The ISR package and DLNs, like ResNet, VGG16, and InceptionV3, can improve low-quality images for computer-assisted skin cancer detection. Skin cancer features like border, color, symmetry, diameter, texture, size, and form can be analyzed using neural networks. These features are used to classify healthy and cancerous skin using image-based data. The authors of [51] propose “teaching–learning-based optimization (TLBO)” and the upgraded extreme learning machine (ELM) algorithm for flexible melanoma diagnosis. ELM is a quick, accurate feed-forward neural network with one hidden layer, and TLBO optimizes system settings for optimal visual output. Combining these methods may improve melanoma detection by classifying skin lesions as benign or malignant [51].

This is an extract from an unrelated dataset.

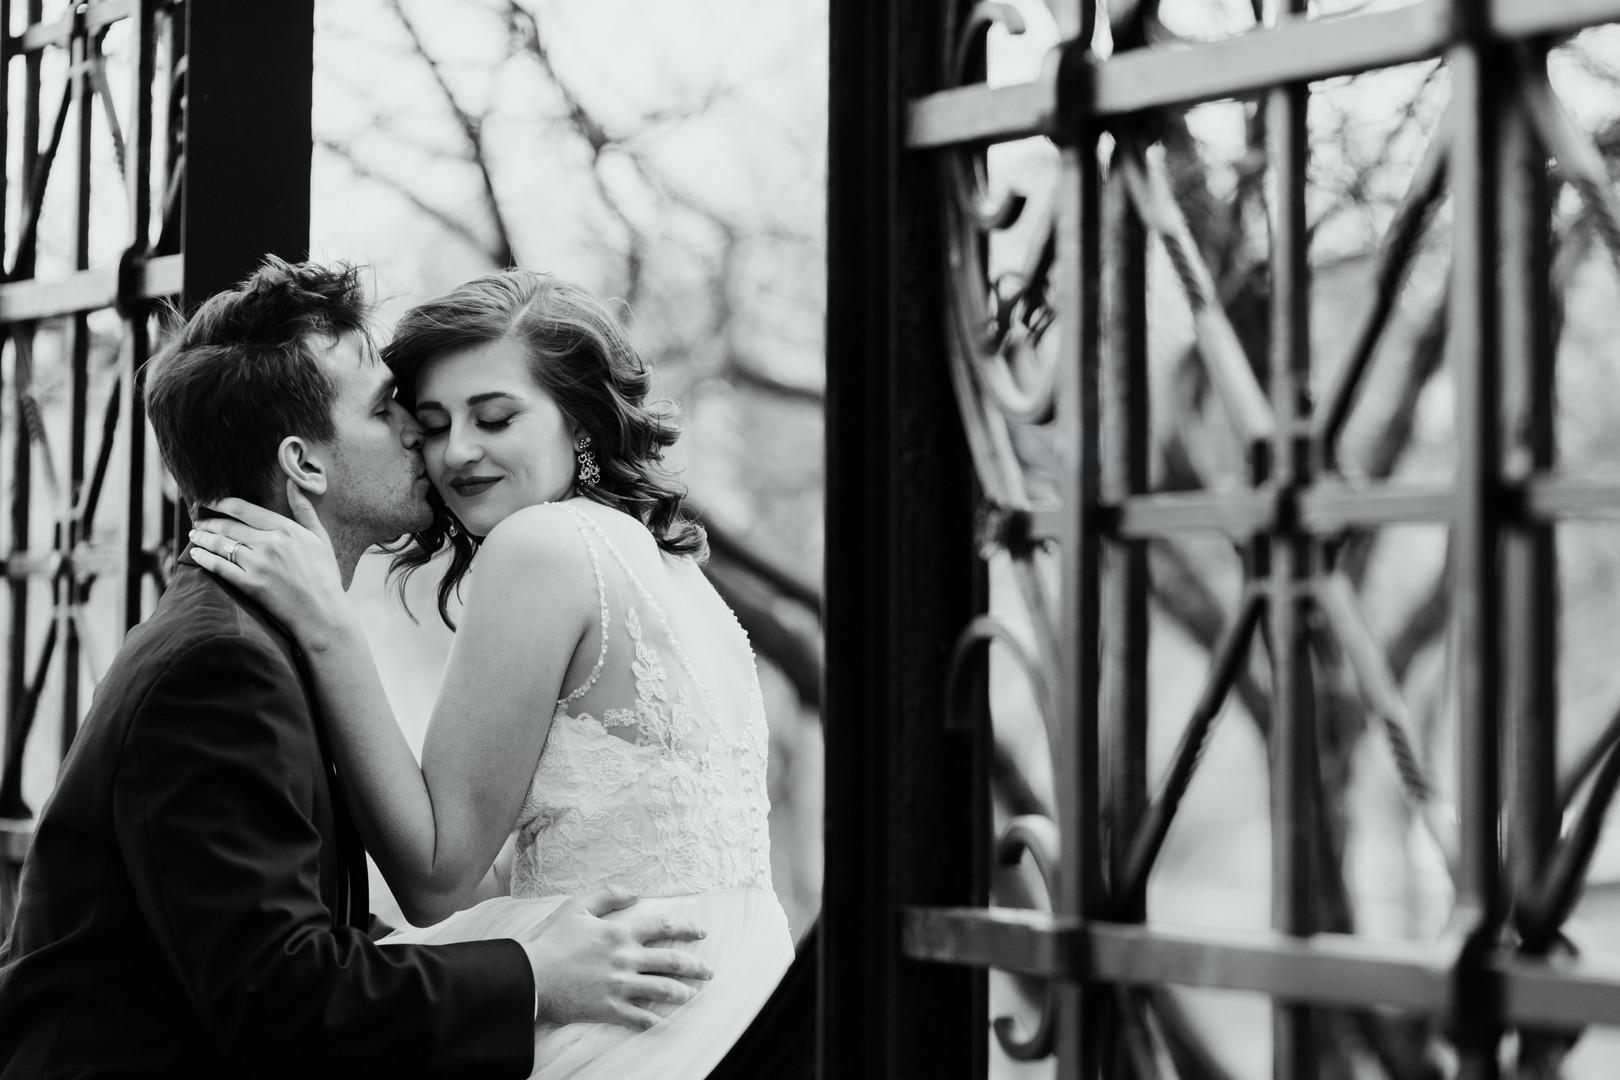 Romantic Bride and Groom Portrait Chicago Wedding Stephanie Wood Photography

Study [52] proposed an intelligible CNN-based stacked ensemble framework for initial melanoma skin cancer detection. The stacking collaborative structure employs the transfer learning concept to combine many CNN sub-methods that achieve the same categorization task. The last forecasts are generated by a novel kind called a meta-learner, which uses all of the sub-model predictions. The representation is assessed using benign and malignant melanoma images from an open-access dataset. Using an explainable technique, proficient adaptive clarifications generate heat maps that emphasize the areas within melanoma images exhibiting the highest degree of infection manifestation. Dermatologists can, therefore, understandably interpret the model’s decision.

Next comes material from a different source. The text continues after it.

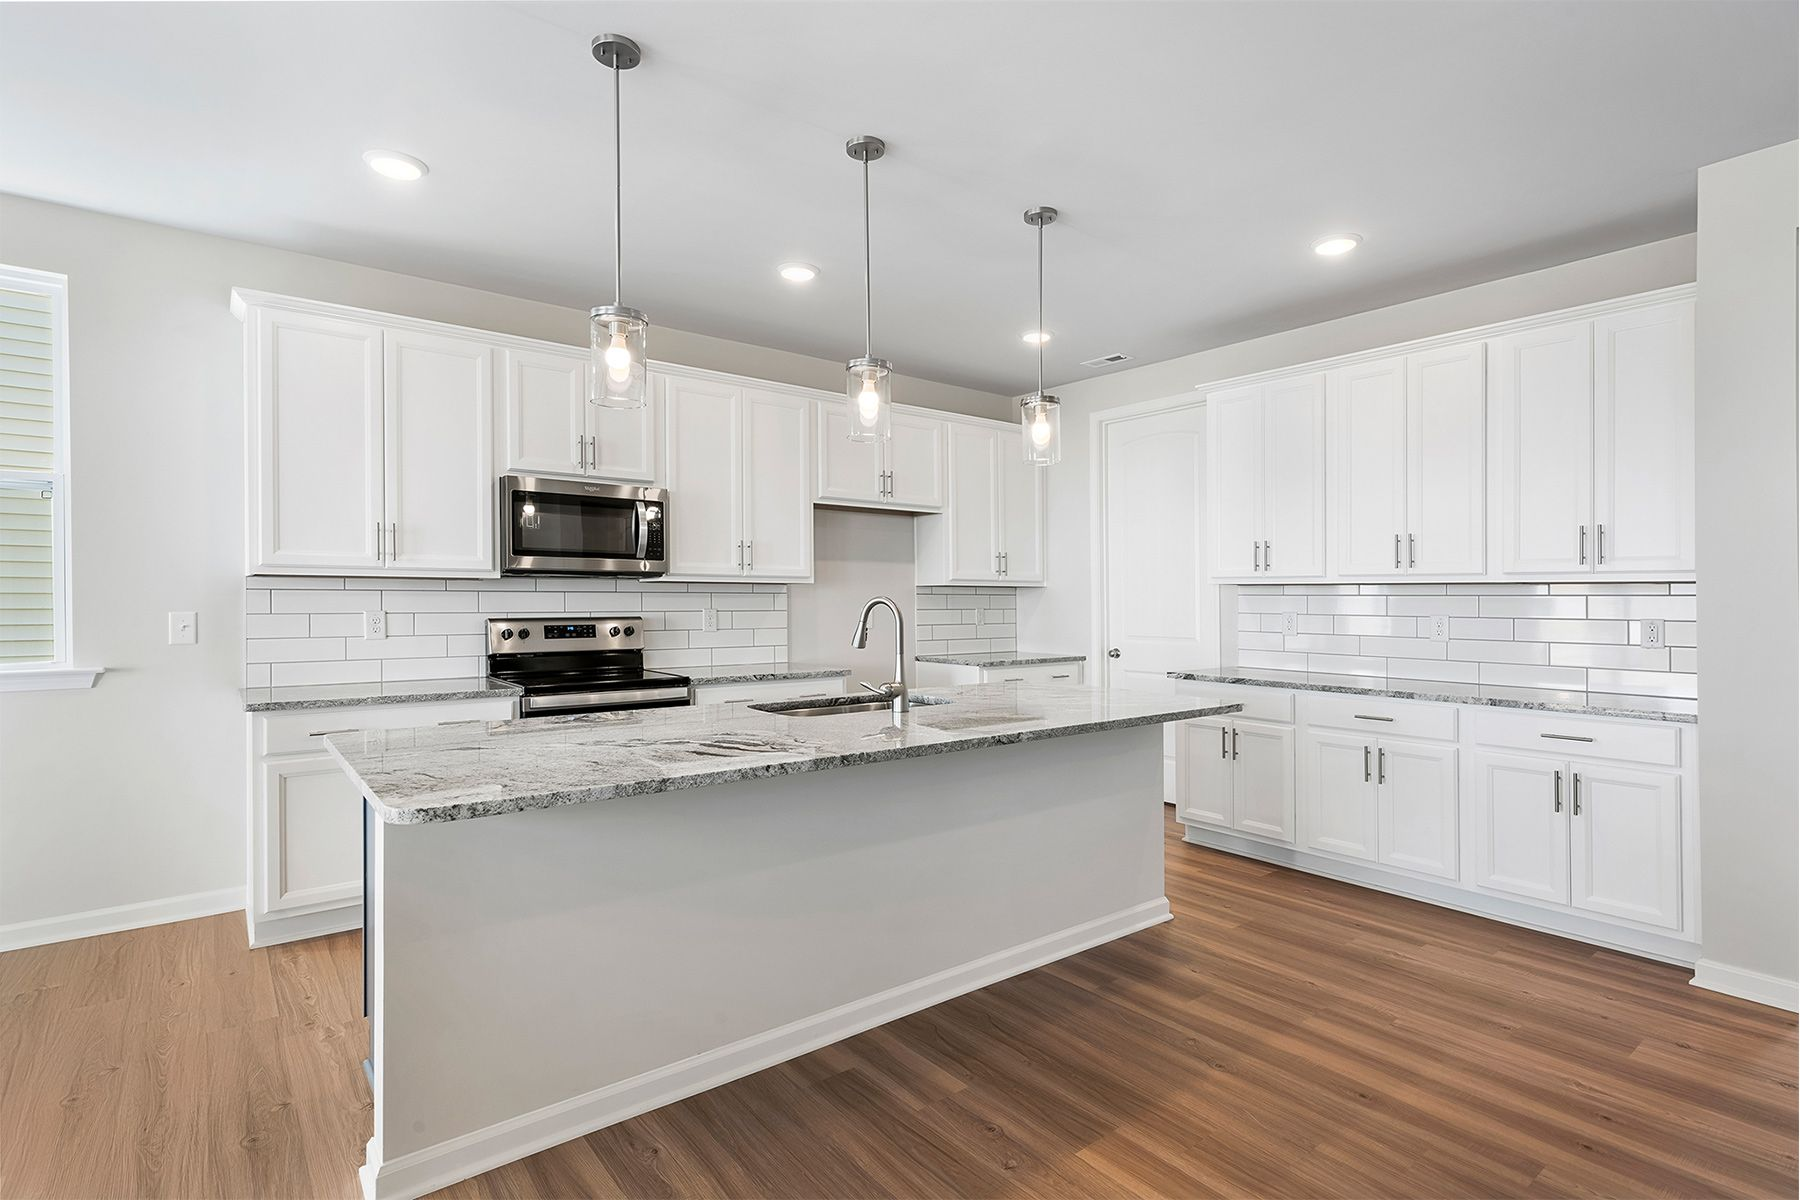 Interior:*Photo representation of Crosby floorplan

A new deep transfer learning standard for MobileNetV2 melanoma classification is proposed [53]. MobileNetV2, a deep CNN, diagnoses skin lesions as benign or malignant. ISIC 2020 assesses the presentation of deep learning standards. Class imbalance arises when 2% or less of dataset samples are certain. Augmenting data with random elements reduces session inequality. Studies in [54] show that deep learning outperforms cutting-edge DL algorithms’ accuracy and computing power. The proposed system [54] combines robotic “DL with a class attention layer-oriented skin lesion detection and classification (DLCAL_SLDC)” to identify and classify skin lesions. The DLCAL-SLDC technique classifies skin tumors using dermoscopy. A dull razor removes hair; a typical average filter removes noise in image preparation procedures. Dermoscopy images are segmented using Tsallis entropy to locate suspicious lesions. Capsule network, computer aided diagnosis, and an Adagrad optimizer use DLCAL-oriented feature extractors to extract features from segmented lesions. CAL is constructed to link CapsNets for processing and capture class-specific properties for dependency reporting. SSO-based CSAEs are classified last. DLCAL-SLDC is tested on a benchmark ISIC dataset. An imbalanced dataset in this work introduces a novel DL-based skin cancer detector [54].

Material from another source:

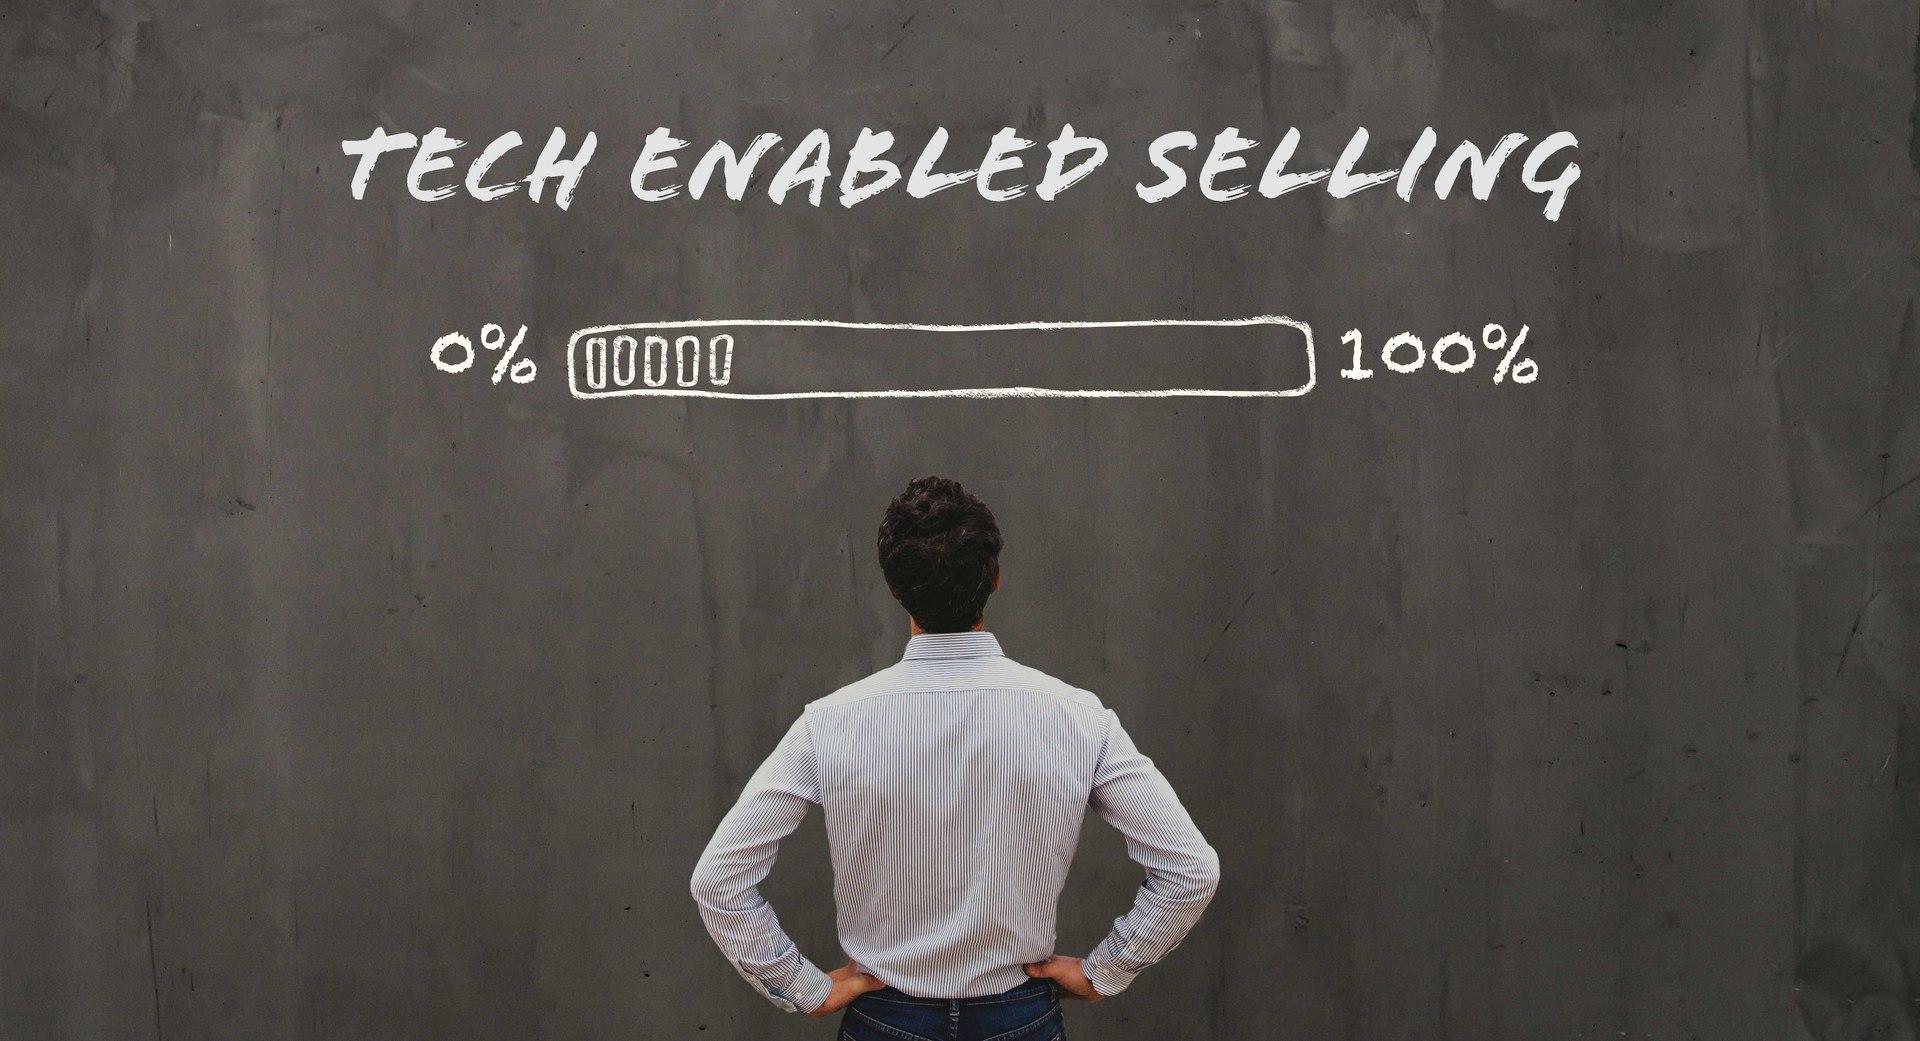 Digital transformation, tech enabled selling, technology, b2b salg, b2b sales, process

The author of [55] employed RegNetY-320 deep learning models for skin cancer classification. Data augmentation was used to rectify the data imbalance to equalize the distribution of skin cancer classifications. Skin Cancer MNIST: HAM10000 has seven more skin lesions. RegNetY-320, InceptionV3, and AlexNet are deep learning-based skin cancer classifiers. Hyperparameters were varied in numerous combinations to adapt the suggested structure. RegNetY-320 outperformed InceptionV3 and AlexNet in accuracy, F1 score, and the receiver-operating characteristic (ROC) curve compared to the imbalanced and balanced datasets. The proposed structure outperformed more conservative techniques. They may help diagnose illnesses early, minimize unnecessary biopsies, save lives, and lower medical costs for patients, skin specialists, and doctors.
FixCaps enhanced dermoscopy image categorization in [56]. FixCaps uses a huge in-height presentation kernel, 31 × 31, at the lowest convolution layer instead of the more common 9 × 9. This may give FixCaps more views than CapsNets. Convolution and pooling lose three-dimensional data when the convolutional block attention segment is added. Collection convolution was used to avoid capsule layer underfitting. The system can reduce calculations and enhance detection accuracy compared to other methods. According to the investigational results, FixCaps had a higher accuracy rate than IRv2-SA, which had 96.49% on the HAM10000 dataset. The study aims to determine how the ability of DL models to generate large data networks affects pharmaceutical manufacturing [57].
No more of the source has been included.